Cook Time 60 minutes
Passive Time 5 days
Servings
Ingredients
Cook Time 60 minutes
Passive Time 5 days
Servings
Ingredients
Instructions
  1. Remove the top leaves from the cabbage. Rinse under water, dry and cut in any way. Put aside a couple of whole leaves, they will come in handy next time.
    Remove the top leaves from the cabbage. Rinse under water, dry and cut in any way. Put aside a couple of whole leaves, they will come in handy next time.
  2. Peel the carrots, grate them on a coarse grater.
    Peel the carrots, grate them on a coarse grater.
  3. Put the cabbage and carrots in a bowl or basin, add salt.
    Put the cabbage and carrots in a bowl or basin, add salt.
  4. Pour in the water. Water should not be boiled. There is a well- excellent. And there is no something and it will just come off.
    Pour in the water. Water should not be boiled. There is a well- excellent. And there is no something and it will just come off.
  5. And use a wooden pestle to "stomp" the cabbage a little. It is not necessary to mash or rub it hard. Just tap 5-7 times with the pestle up and down and mix the cabbage with the carrots. It is more convenient to do this in portions. Usually I divide the whole volume into 4 parts and "trample" cabbage in 4 steps
    And use a wooden pestle to "stomp" the cabbage a little. It is not necessary to mash or rub it hard. Just tap 5-7 times with the pestle up and down and mix the cabbage with the carrots.

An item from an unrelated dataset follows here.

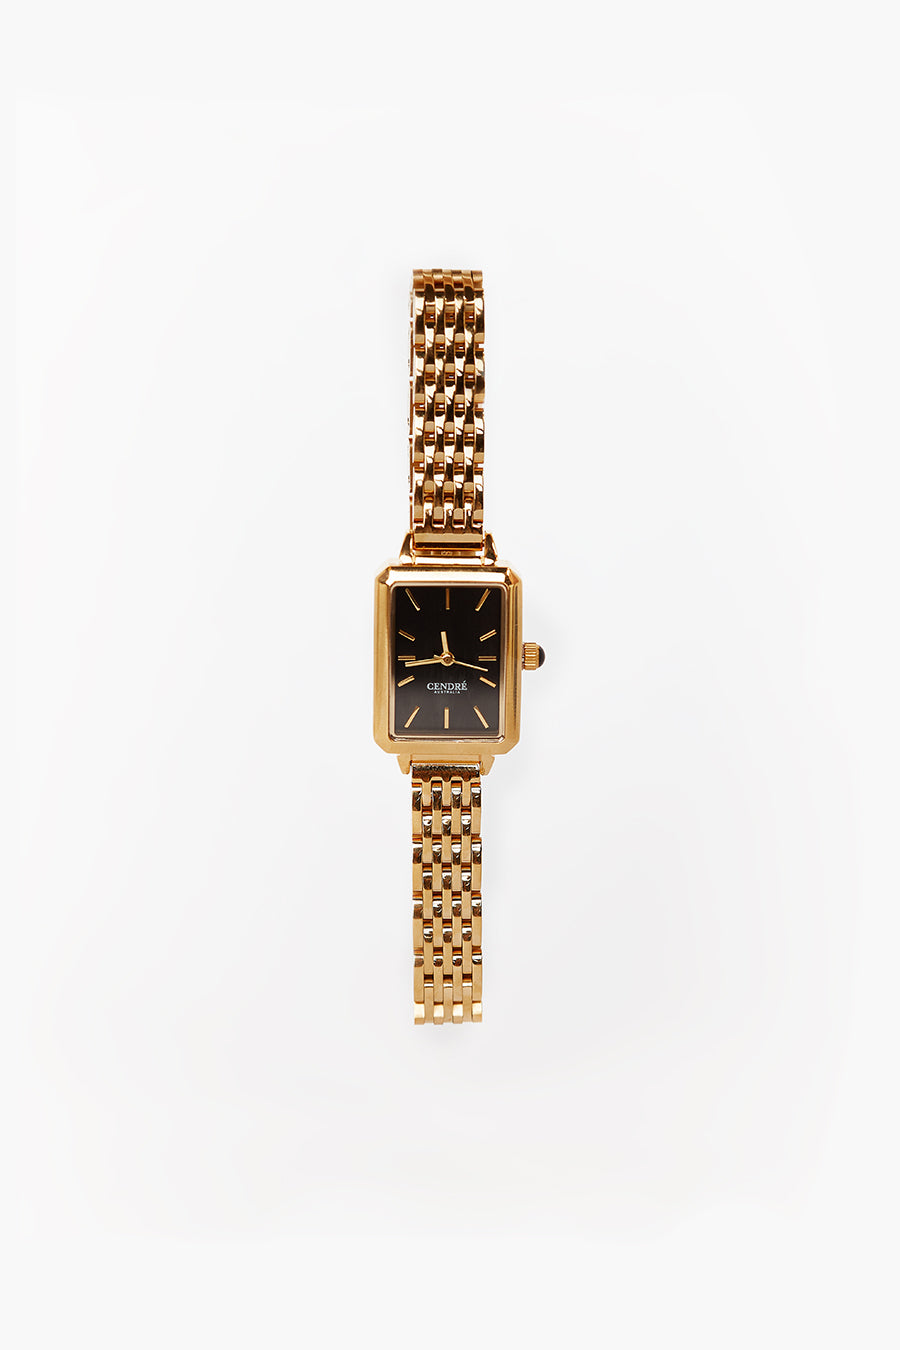 Women's ROSEFIELD Watches from $160 | Lyst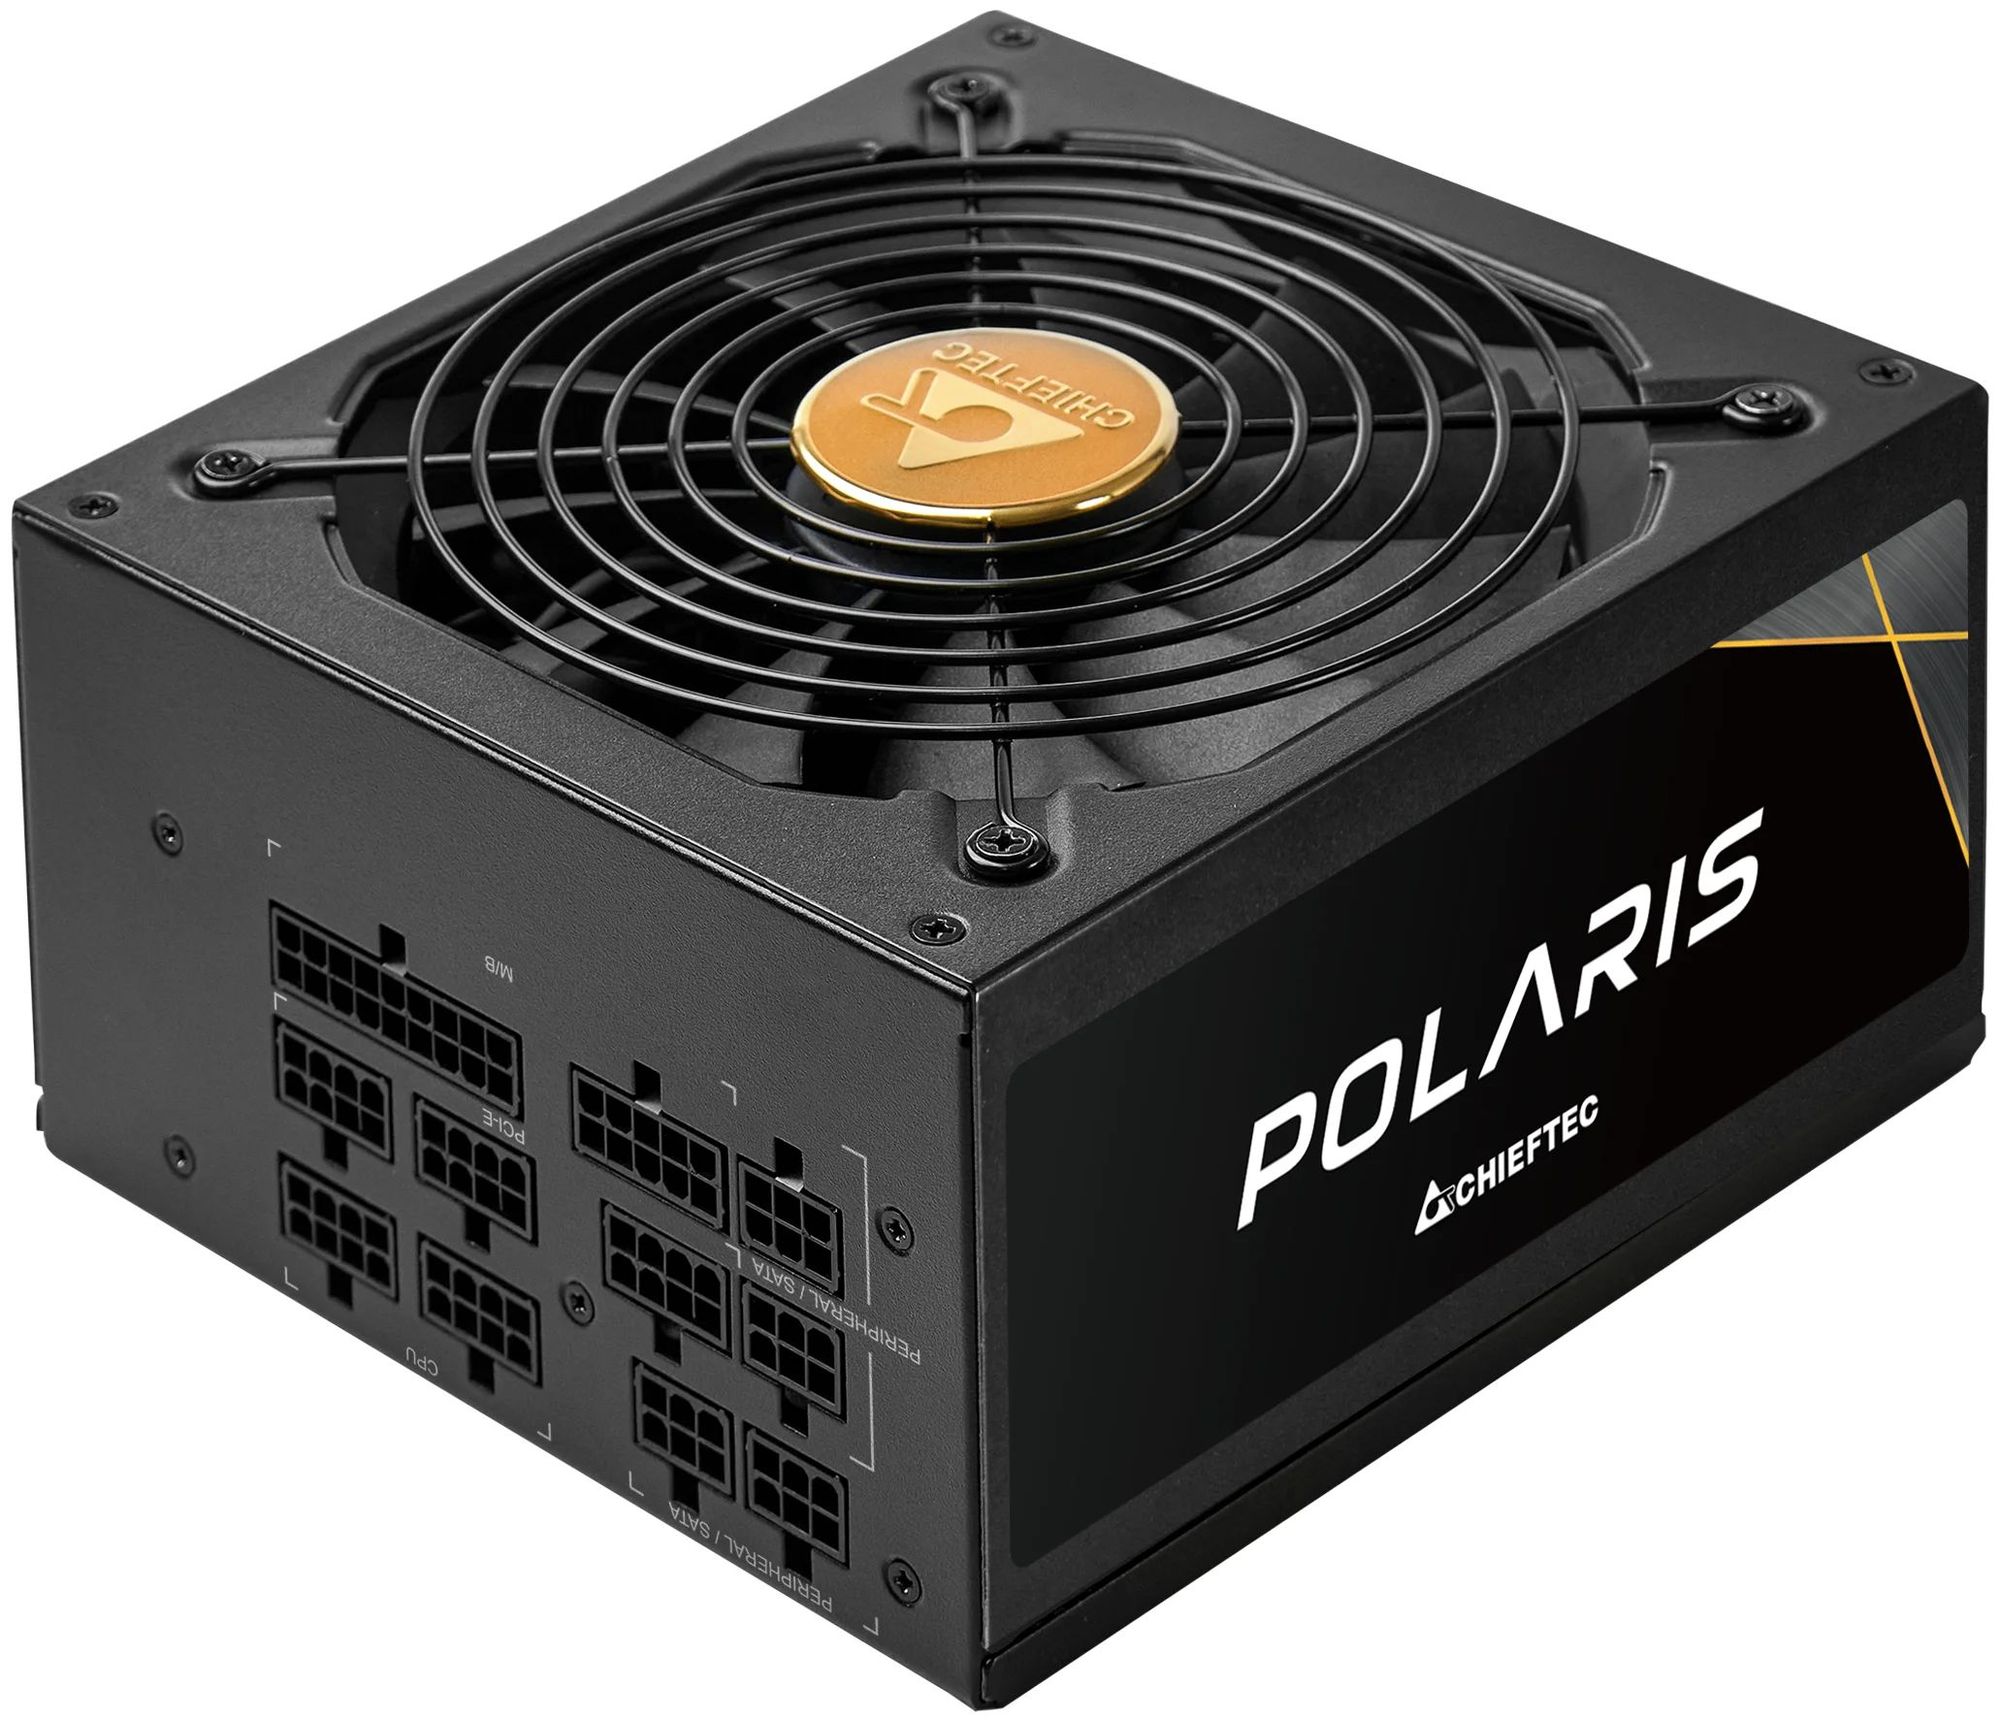 Chieftec Polaris 3.0 PPS-850FC-A3 850W 80 PLUS GOLD chieftec chieftronic powerplay gpu 850fc atx 2 3 850w 80 plus platinum active pfc 140mm fan full cable management llc design japanese capacito

It is more convenient to do this in portions. Usually I divide the whole volume into 4 parts and "trample" cabbage in 4 steps
  6. At the bottom of a three-liter jar, pour 1 tbsp.l. rye flour.
    At the bottom of a three-liter jar, pour 1 tbsp.l. rye flour.
  7. Cover it with a cabbage leaf.
    Cover it with a cabbage leaf.
  8. And put the salted crumpled cabbage in a jar, crushing it with a pusher. Do this until the jar is full. Usually a three-liter jar contains 2-2. 5 kg of cabbage.
    And put the salted crumpled cabbage in a jar, crushing it with a pusher. Do this until the jar is full. Usually a three-liter jar contains 2-2. 5 kg of cabbage.
  9. Cover the cabbage with cabbage leaves on top and sprinkle with 1 tbsp.l. rye flour.
    Cover the cabbage with cabbage leaves on top and sprinkle with 1 tbsp.l. rye flour.
  10. You can give a stalk.
    You can give a stalk.
  11. Leave the cabbage indoors for 3-5 days. On the second day, a plentiful brine usually begins, so it is better to put the jars on a tray or spread something. Cover the jar with gauze or simply cover with inverted lids.
    Leave the cabbage indoors for 3-5 days. On the second day, a plentiful brine usually begins, so it is better to put the jars on a tray or spread something. Cover the jar with gauze or simply cover with inverted lids.
  12. Starting from the second day, when fermentation begins, cabbage should be pierced with a wooden stick or handle from the shoulder blade to the bottom to release gases. This should be done 1-2 times a day.
    Starting from the second day, when fermentation begins, cabbage should be pierced with a wooden stick or handle from the shoulder blade to the bottom to release gases. This should be done 1-2 times a day.
  13. The fermentation time depends on the room temperature and can last from 3 to 5 days. As soon as it is seen that the fermentation has gone down, the brine is not isolated - the cabbage is ready. Put it away in a cold place (refrigerator, cellar, basement) and enjoy all winter.
    The fermentation time depends on the room temperature and can last from 3 to 5 days. As soon as it is seen that the fermentation has gone down, the brine is not isolated - the cabbage is ready. Put it away in a cold place (refrigerator, cellar, basement) and enjoy all winter.
  14. Considering that no sugar was used during fermentation and rye flour was used, cabbage may seem to you more acidic than usual and more "vigorous". Therefore, when serving, lightly sprinkle with sugar, stir and leave for 5-10 minutes, then pour oil and serve.
    Considering that no sugar was used during fermentation and rye flour was used, cabbage may seem to you more acidic than usual and more "vigorous". Therefore, when serving, lightly sprinkle with sugar, stir and leave for 5-10 minutes, then pour oil and serve.